I have a "stacked panel" data set with ~600,000 rows. While the data are compiled from a survey , the data are no longer in survey format: rather, these are person-year observations for ~100000 people over ~10 years. Thus, I'm not able to use R's survey package in a strict sense, because I do not have survey data.
It is called mydata
and it looks something like this:
unique_pid housing.category agebucket sample.weight year
1_1 0 (30, 45] 29.9 1999
1_1 0 (30, 45] 29.9 2000
1_1 1 (30, 45] 19.9 2001
1_1 1 (30, 45] 39.9 2002
1000_33 0 (15, 30] 10 1982
1000_33 1 (15, 30] 10.2 1983
1000_33 0 (15, 30] 13 1984
1000_33 1 (15, 30] 12 1985
1000_33 0 (15, 30] 10 1986
1000_33 1 (15, 30] 12 1987
88_2 0 (30, 45] 0.99 1990
88_2 0 (30, 45] 0.89 1991
88_2 1 (30, 45] 1.99 1992
88_2 0 (30, 45] 2.99 1993
I am running a weighted logit with R's glm()
. My call looks like this:
glm(housing.category ~ agebucket, data= mydata, family="binomial", weights=sample.weight)

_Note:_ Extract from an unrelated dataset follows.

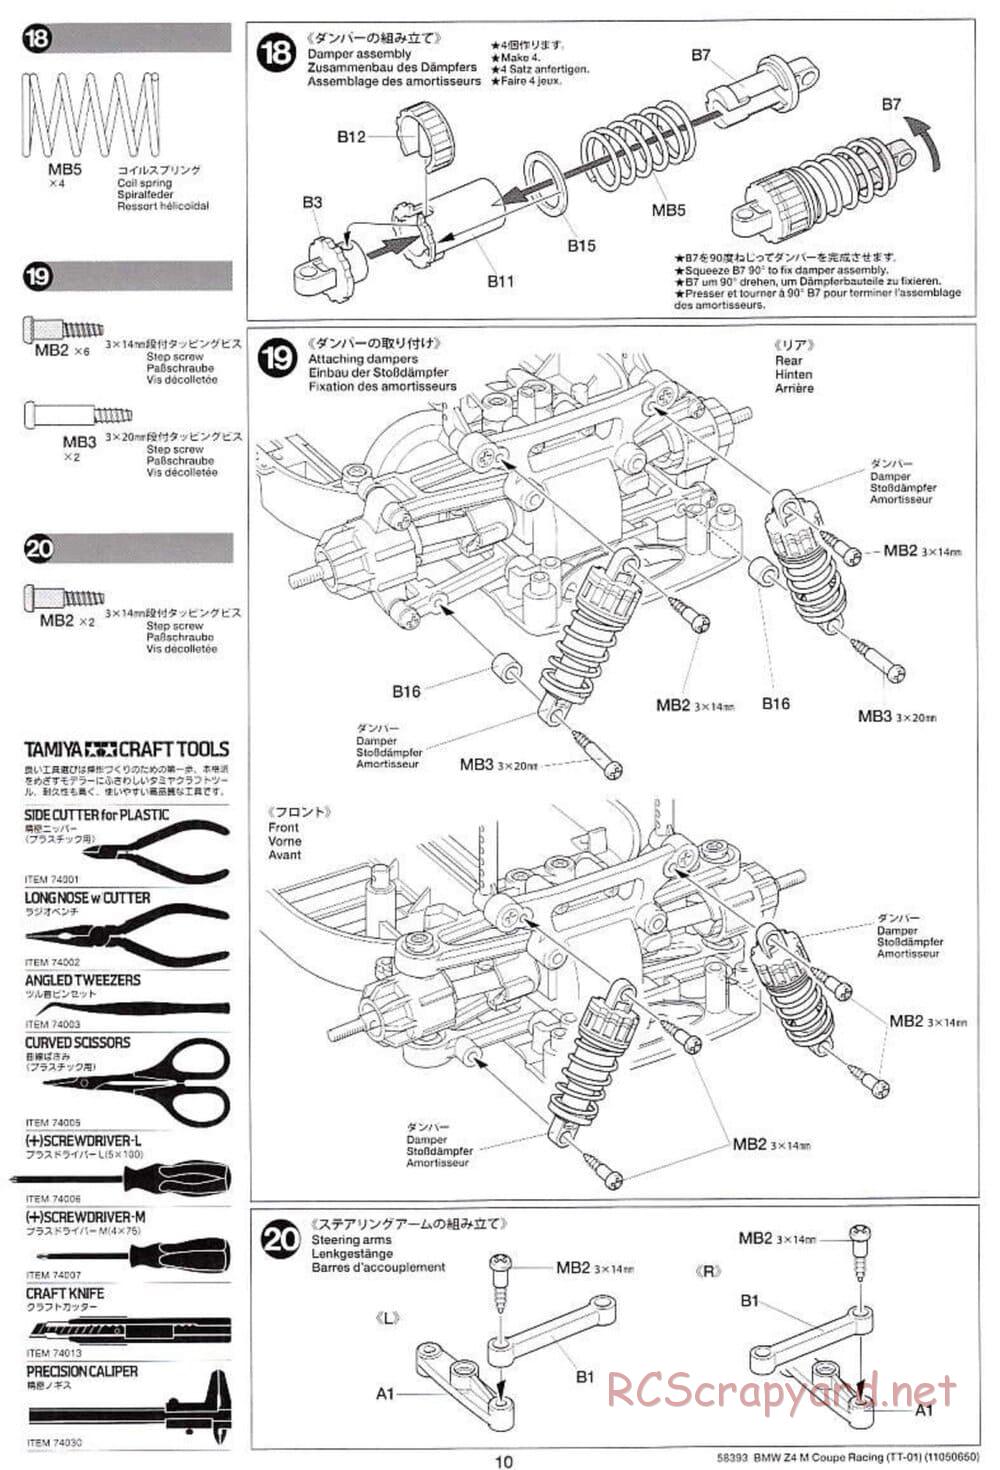 Tamiya - BMW Z4 M Coupe Racing - TT-01 Chassis - Manual - Page 10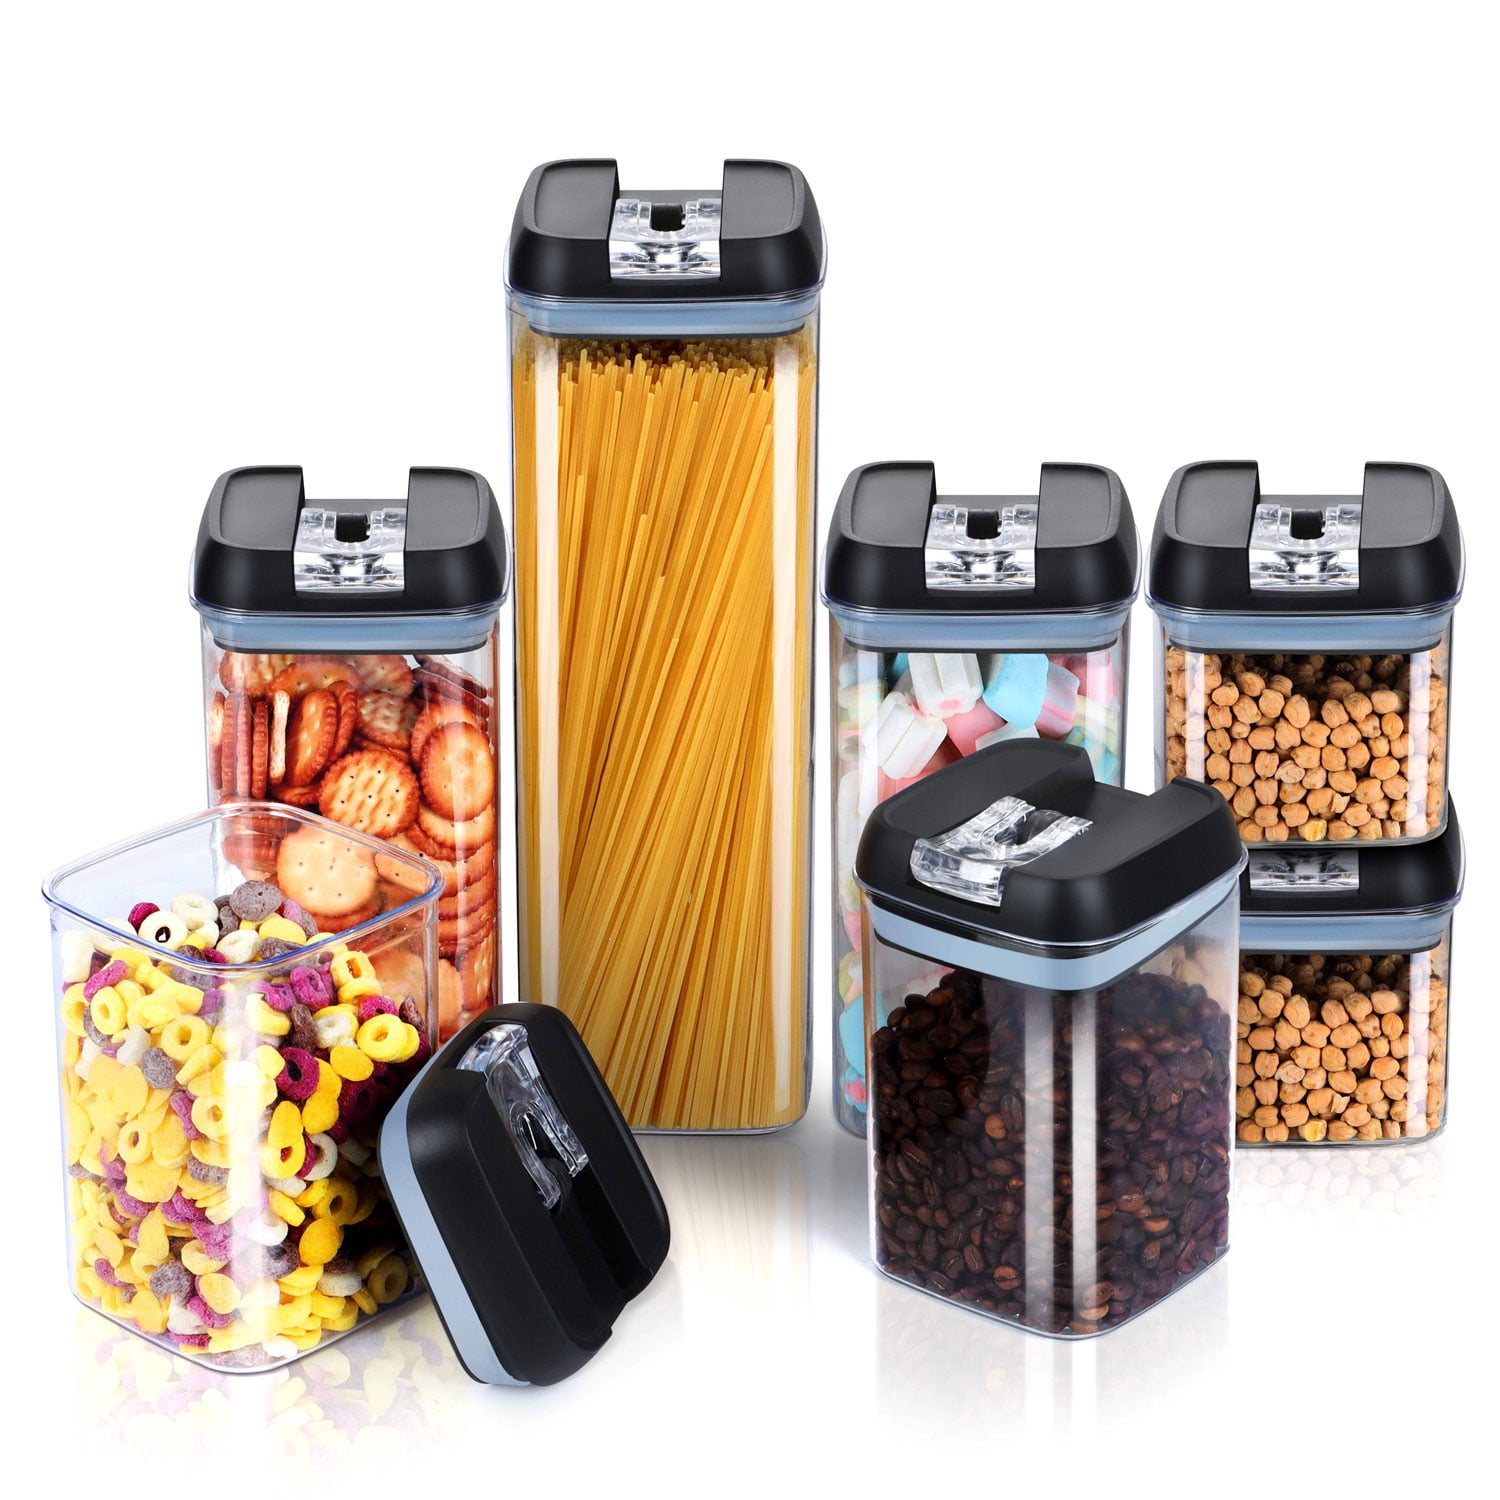 Chef's Path Airtight Food Storage Container Set Round Shape - 7 PC

I get the following warning:
Warning message:
In eval(expr, envir, enclos) : non-integer #successes in a binomial glm!
My weights are contained in vector sample.weight
in the dataframe above. While they are not integers, they are designed to adjust for over- and under-sampling of certain groups in the survey: oversampled populations are assigned values < 1, while undersampled populations are assigned values >1. In this sense, they are frequency weights.
However, when I read the documentation for glm()
, I see that the these weights should represent the number of trials - i.e. they should be vector of integers.
So far, I have worked with the survey
R package, but my data are no longer panel.
Am I misinterpreting the weights argument? Is this a numerical error? If so, how can I run a logit weighted by sample weights?